Purpose: : EPCs are circulating bone marrow–derived cells that are exquistely sensitive to hypoxia. The aim of this study was to compare the migratory response and receptor profile of EPCs of diabetic vs. nondiabetic origin.

Methods: : CD 34⁺ EPCs were isolated from individuals with proliferative diabetic retinopathy (PDR) and age–matched nondiabetic controls. The hypoxia–regulated factors tested included VEGF, IGF–1, stromal derived growth factor (SDF–1), IGF binding protein– 3 (IGFBP–3) and the adenosine analogue, 5'–N–ethylcarboxamido–adenosine (NECA). Each factor was assessed using the modified Boyden chamber migration assay and was tested from a concentration of 1 nM to 10 µM. VEGF receptor (VEGFR)–1, VEGFR–2 and adenosine receptor surface expression was determined by FACS and by real time PCR. EPC differentiation was determined by loss of CD133.

Results: : Diabetic EPCs demonstrated defective migration in response to VEGF, IGF–1 and SDF–1 compared to nondiabetic controls. However, both diabetic and nondiabetic EPCs migrated in a dose–dependent manner to NECA [p<0.05] with diabetic EPCs showing a much greater response than nondiabetic EPCs [p<0.001]. EPCs from patients with PDR demonstrated increased mRNA and protein levels of the adenosine A_2b receptor, known to modulate pathological neovascularization, compared to nondiabetic controls that showed increased A_2a receptor, the receptor known to modulate the beneficial vasodilator effects of adenosine. Exposure to SDF–1, IGF–1 or NECA resulted in a dose– and time–dependent increase in VEGFR–1 and VEGFR–2 with the increase VEGFR–2 being greater than VEGFR–1 in both diabetic and control EPCs. Exposure of EPCs of diabetic as well as nondiabetic origin to IGFBP–3, the major IGFBP found in serum and a hypoxia regulated protein, resulted in loss of CD133 and differentiation into endothelial cells.

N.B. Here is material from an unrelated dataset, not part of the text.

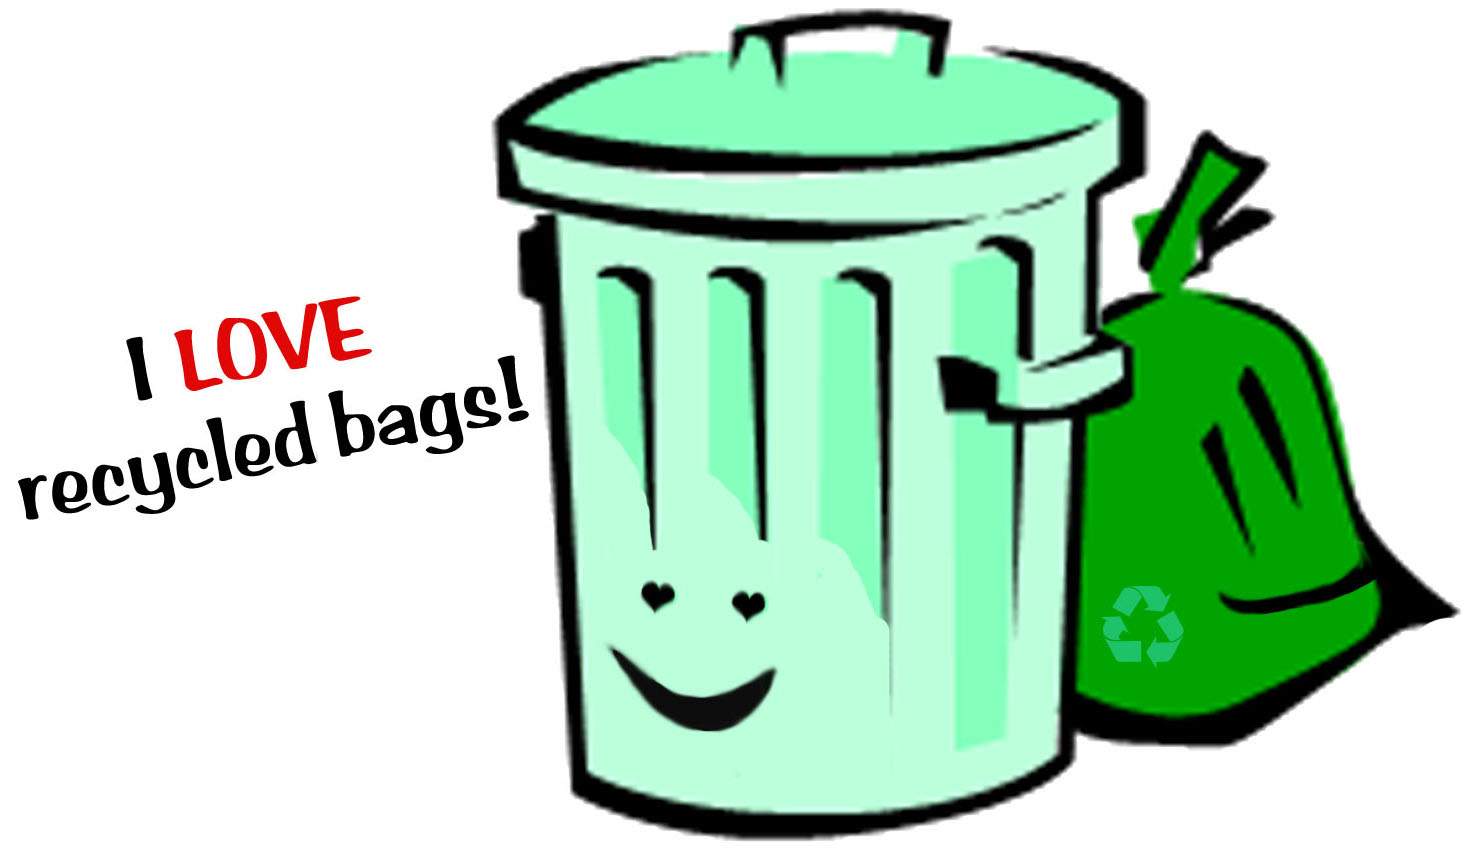 free clipart images trash can - photo #38

Conclusions: : In diabetic and nondiabetic EPCs, SDF–1, IGF and NECA play a critical role in regulating VEGF receptor expression and IGFBP–3 promotes EPC differentiation. The adenosine receptor profile on EPCs of diabetic patients promotes an angiogenic phenotype. Diabetic EPCs retain their ability to migrate in response to adenosine, unlike the other factors tested. In diabetic EPCs signaling mechanisms responsible for cytoskeletal changes leading to migration are defective in response to growth factors but are intact in response to nucleotides.